=== EXERCISE REQUIREMENTS ===
Reproduce the full listing below unchanged, apart from the pictures.

=== MATERIAL PROVIDED ===

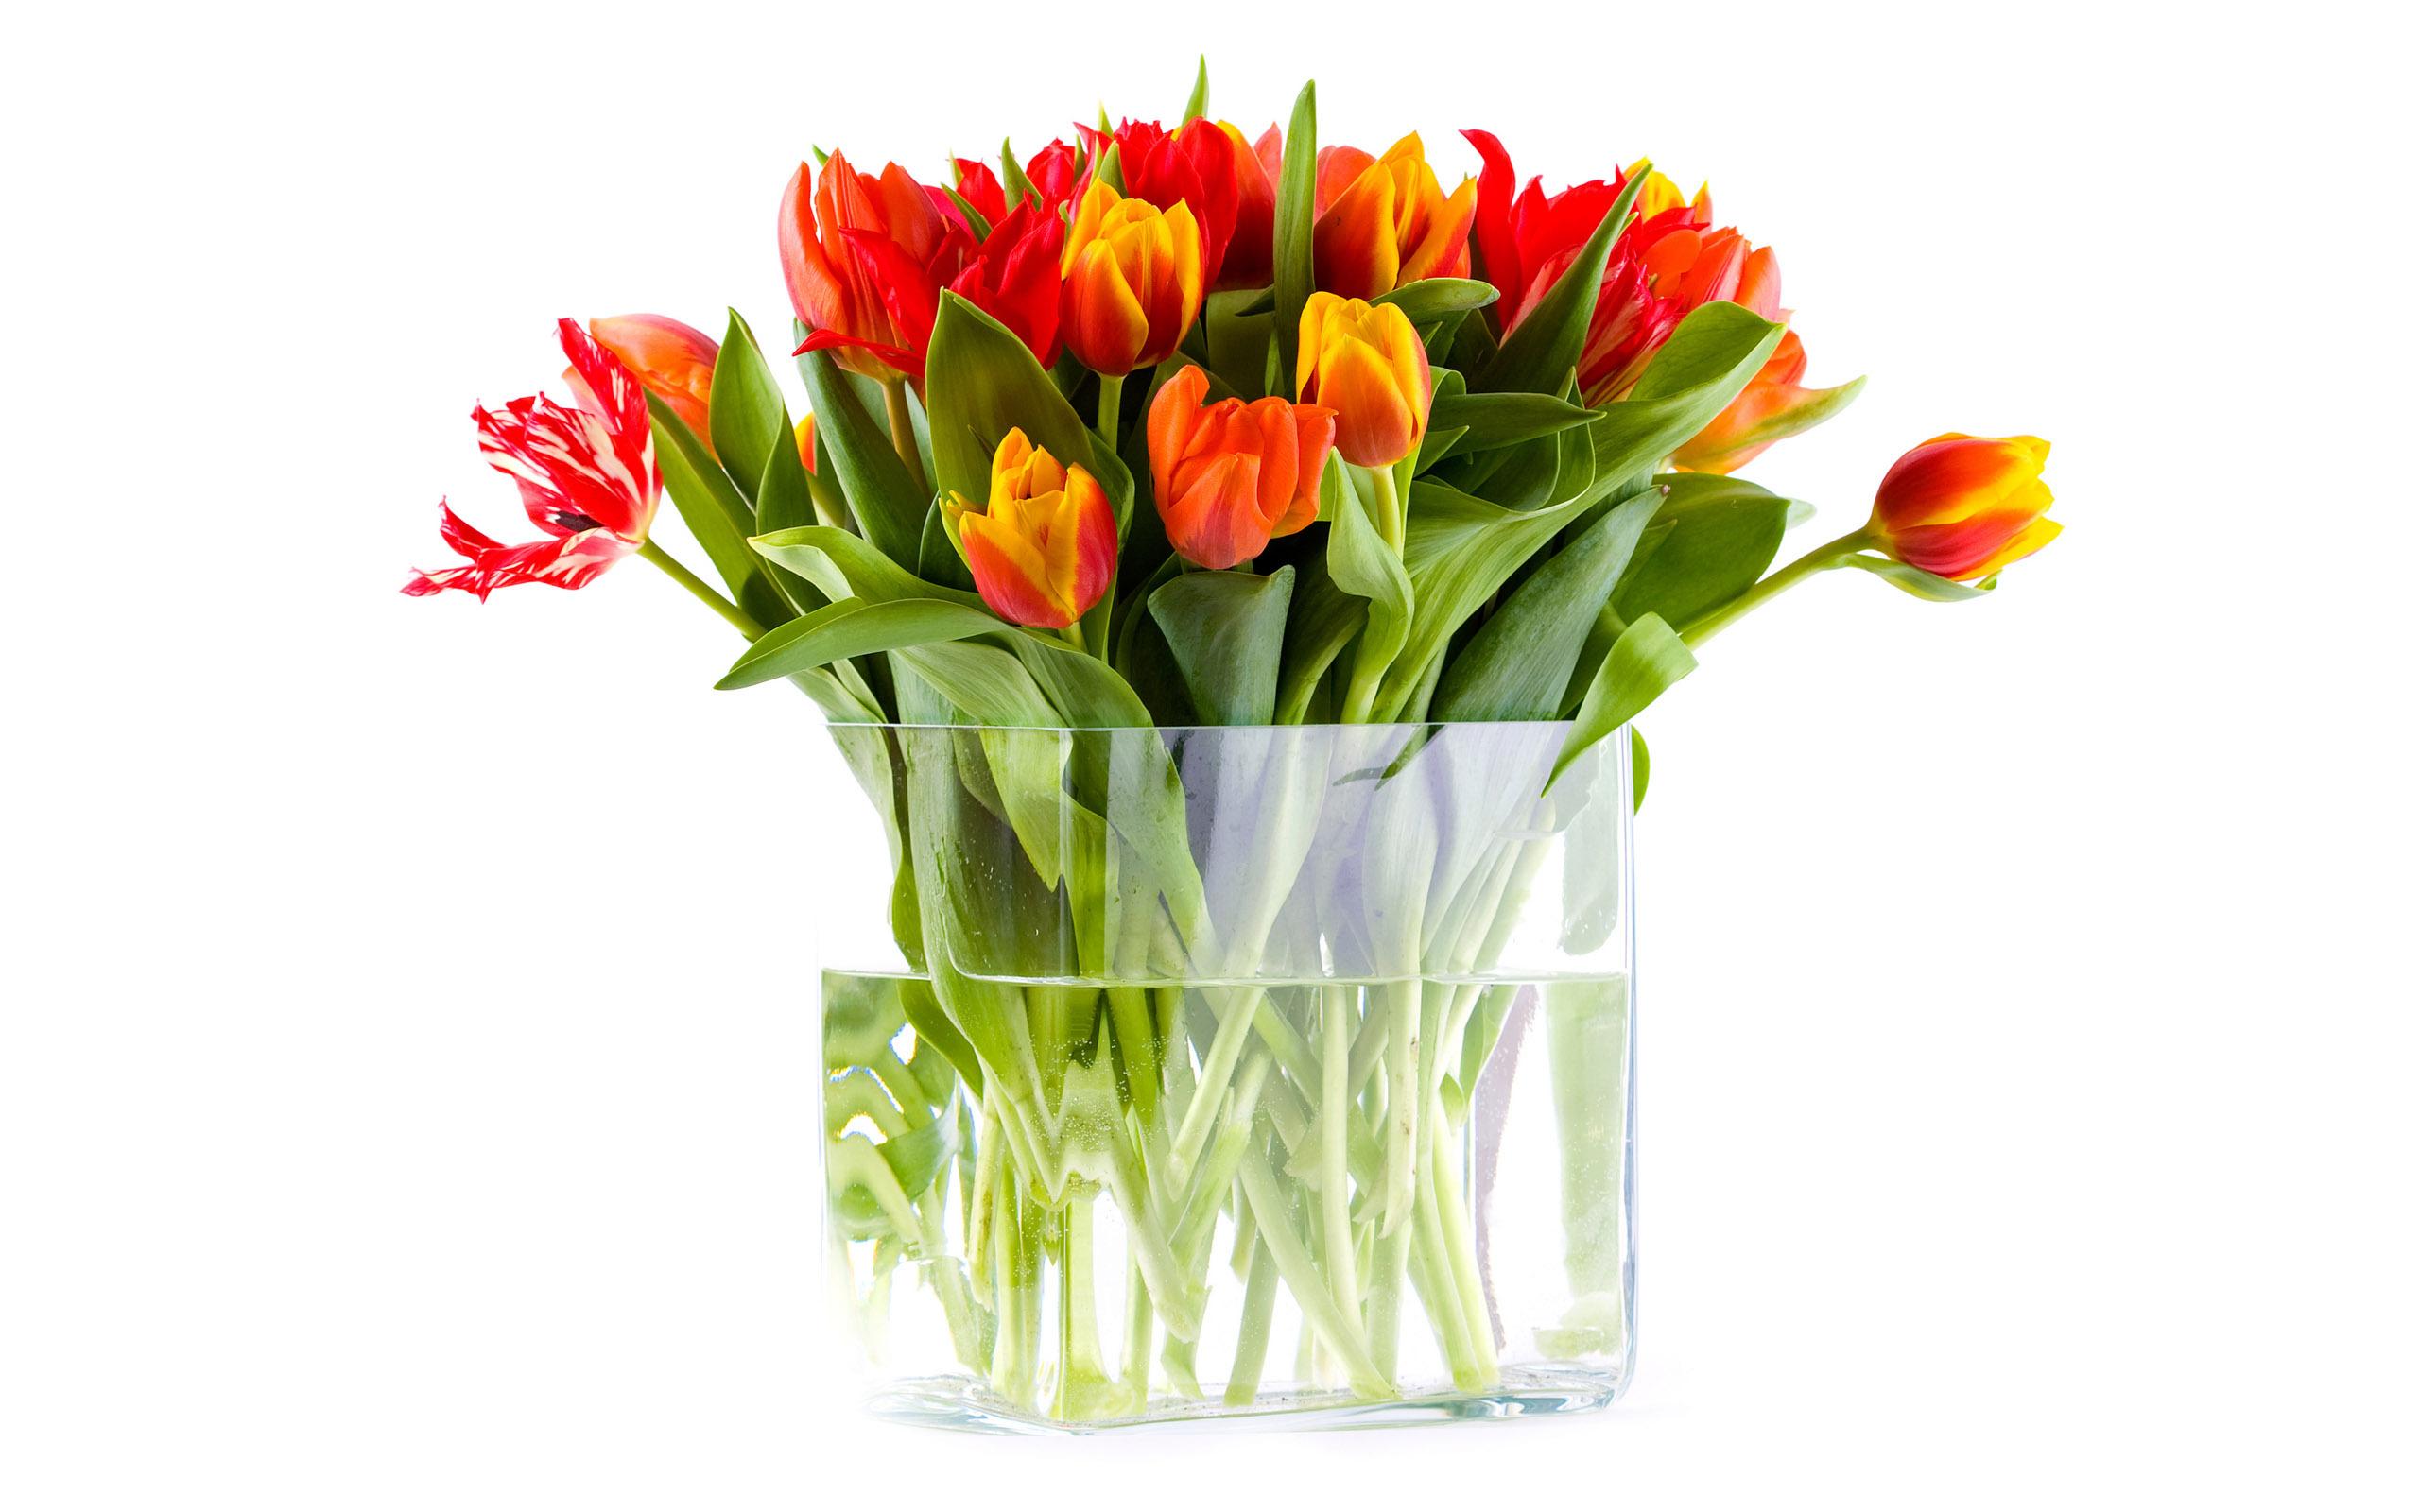 vaza-voda-cvety-buket-tyulpany
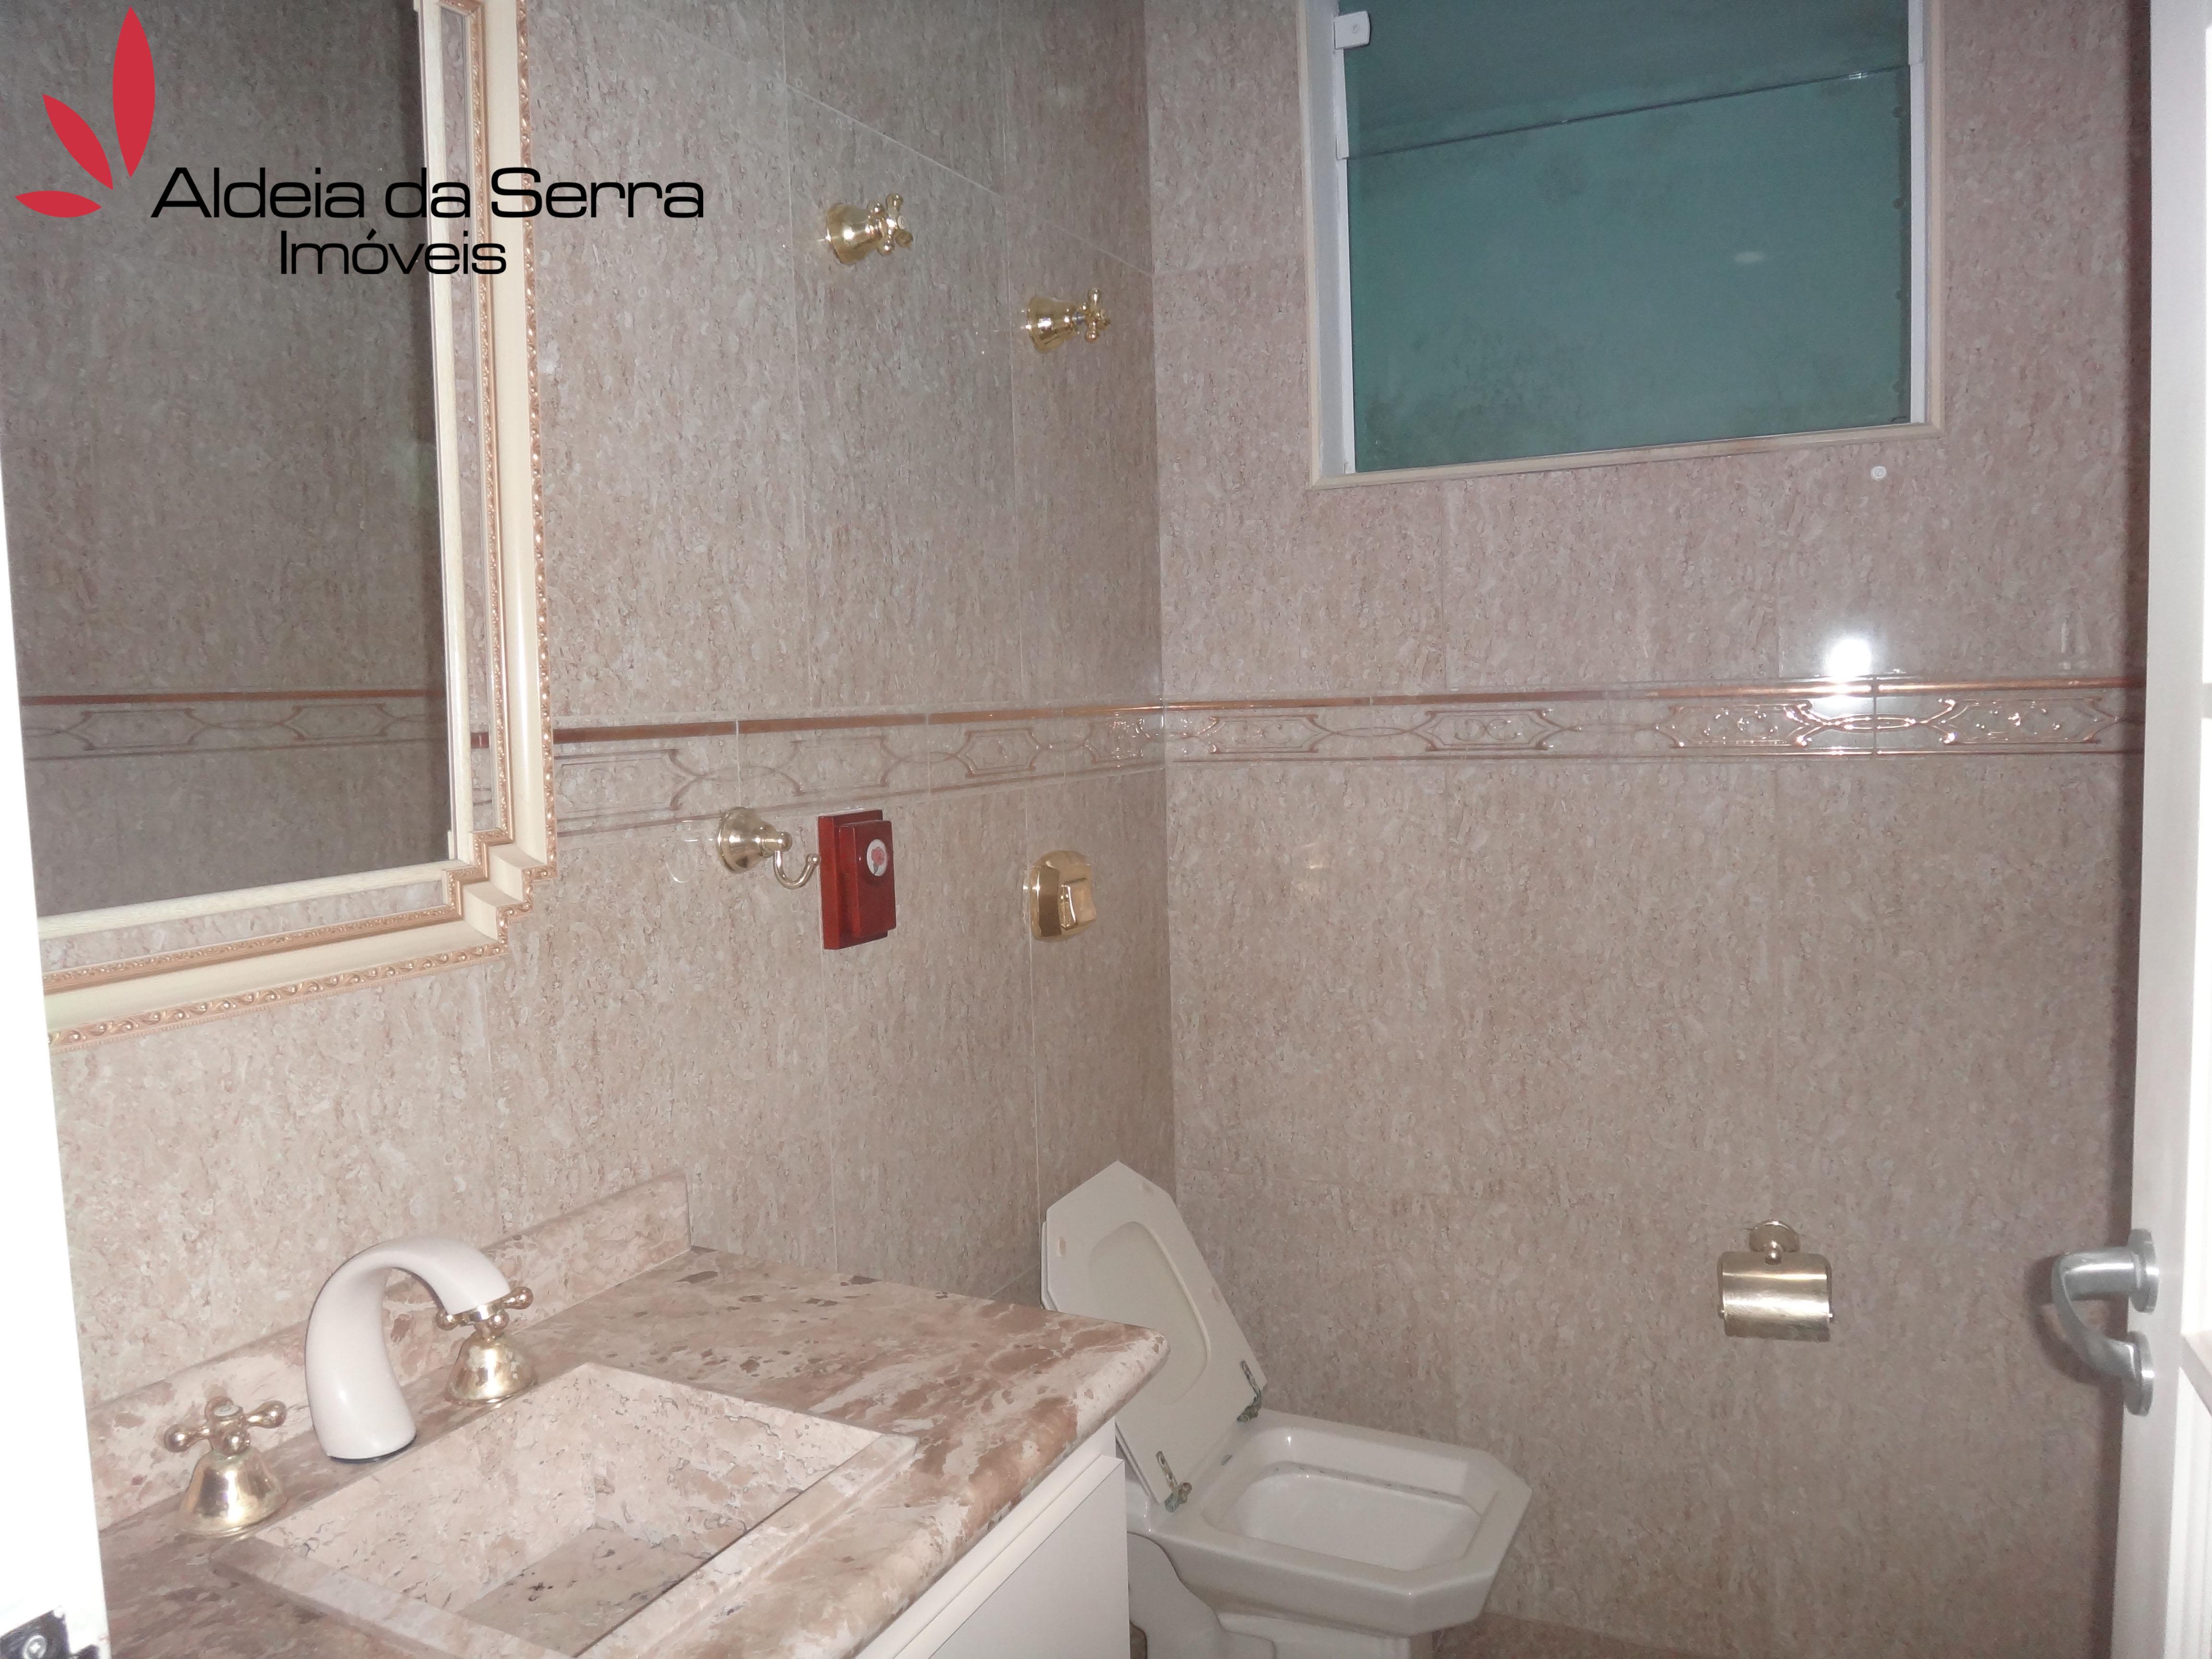 /admin/imoveis/fotos/imagem1(7).jpg Aldeia da Serra Imoveis
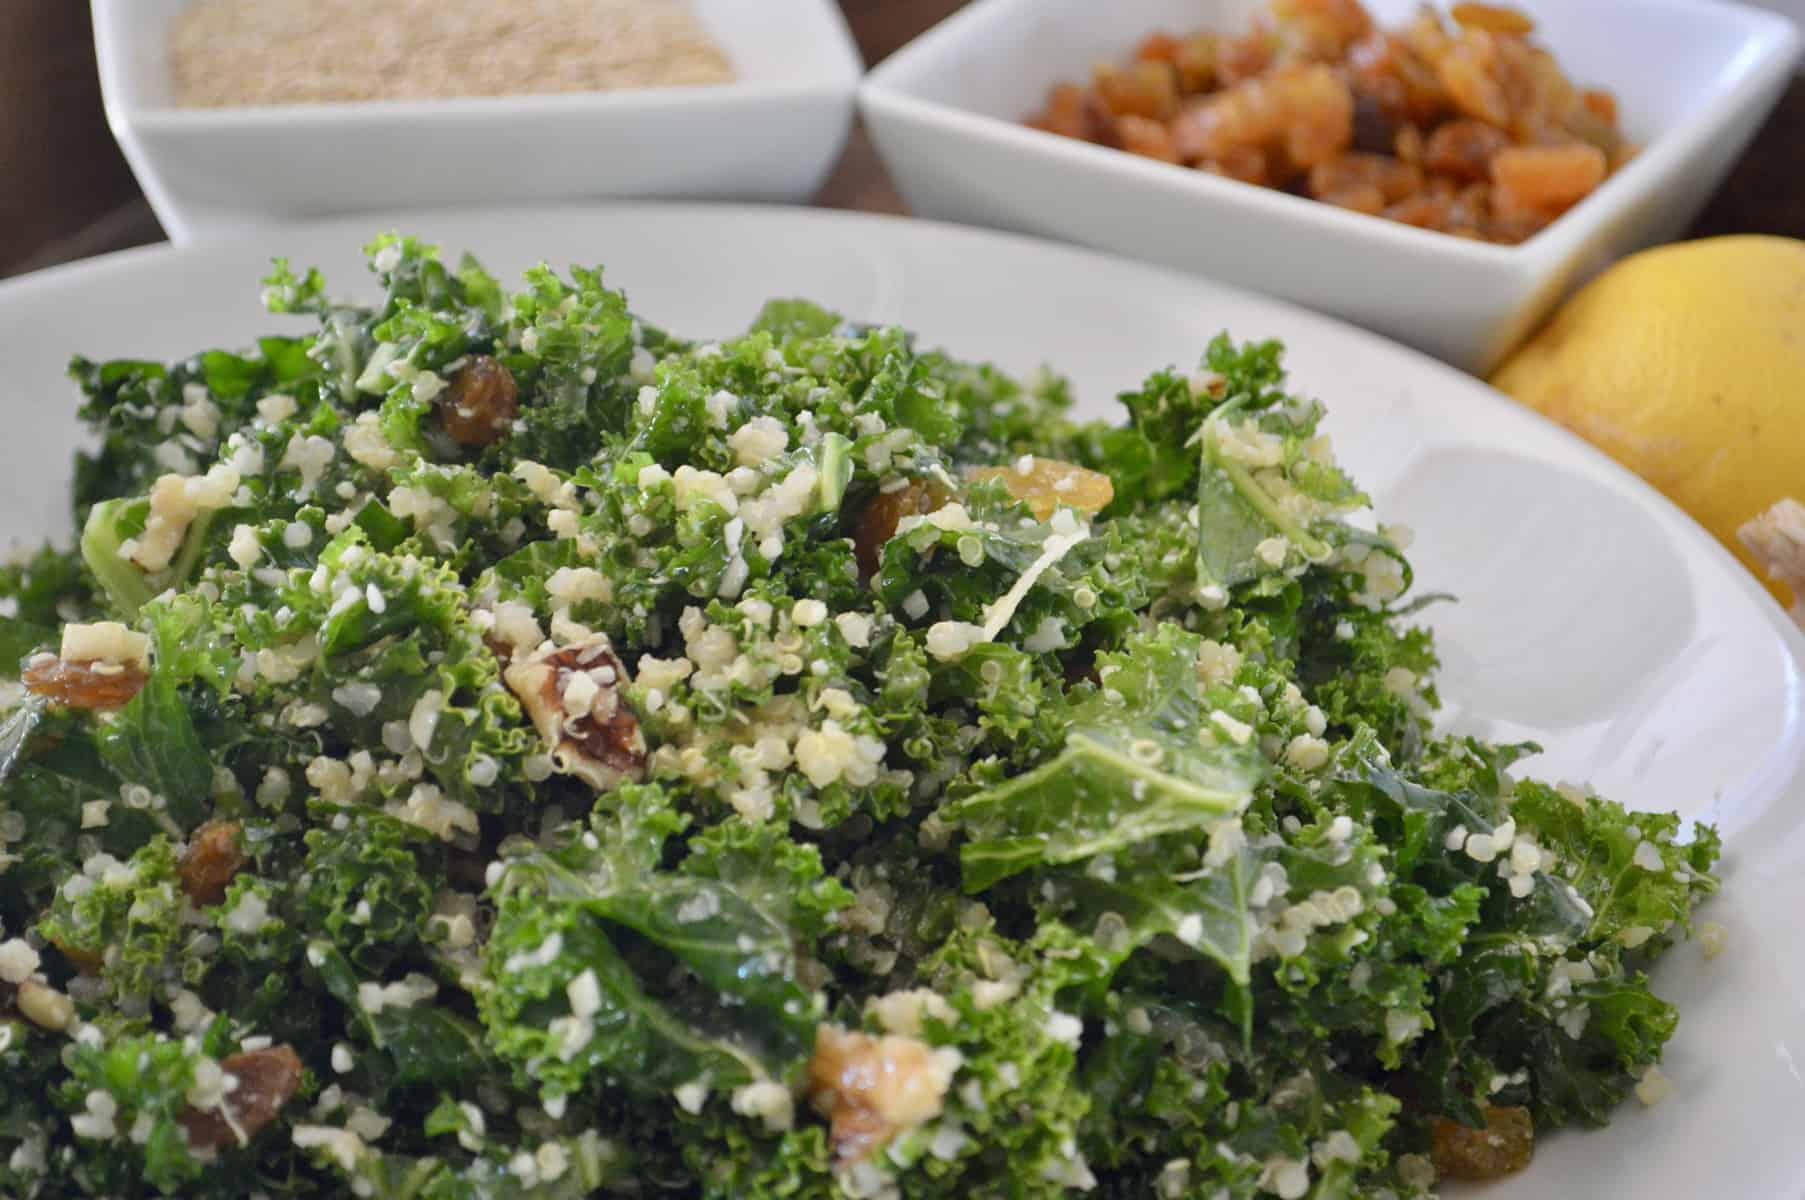 Kale Quinoa Salad with golden raisins and lemon

=== TASK SOLUTION ===
 vaza-voda-cvety-buket-tyulpany
 /admin/imoveis/fotos/imagem1(7).jpg Aldeia da Serra Imoveis
 Kale Quinoa Salad with golden raisins and lemon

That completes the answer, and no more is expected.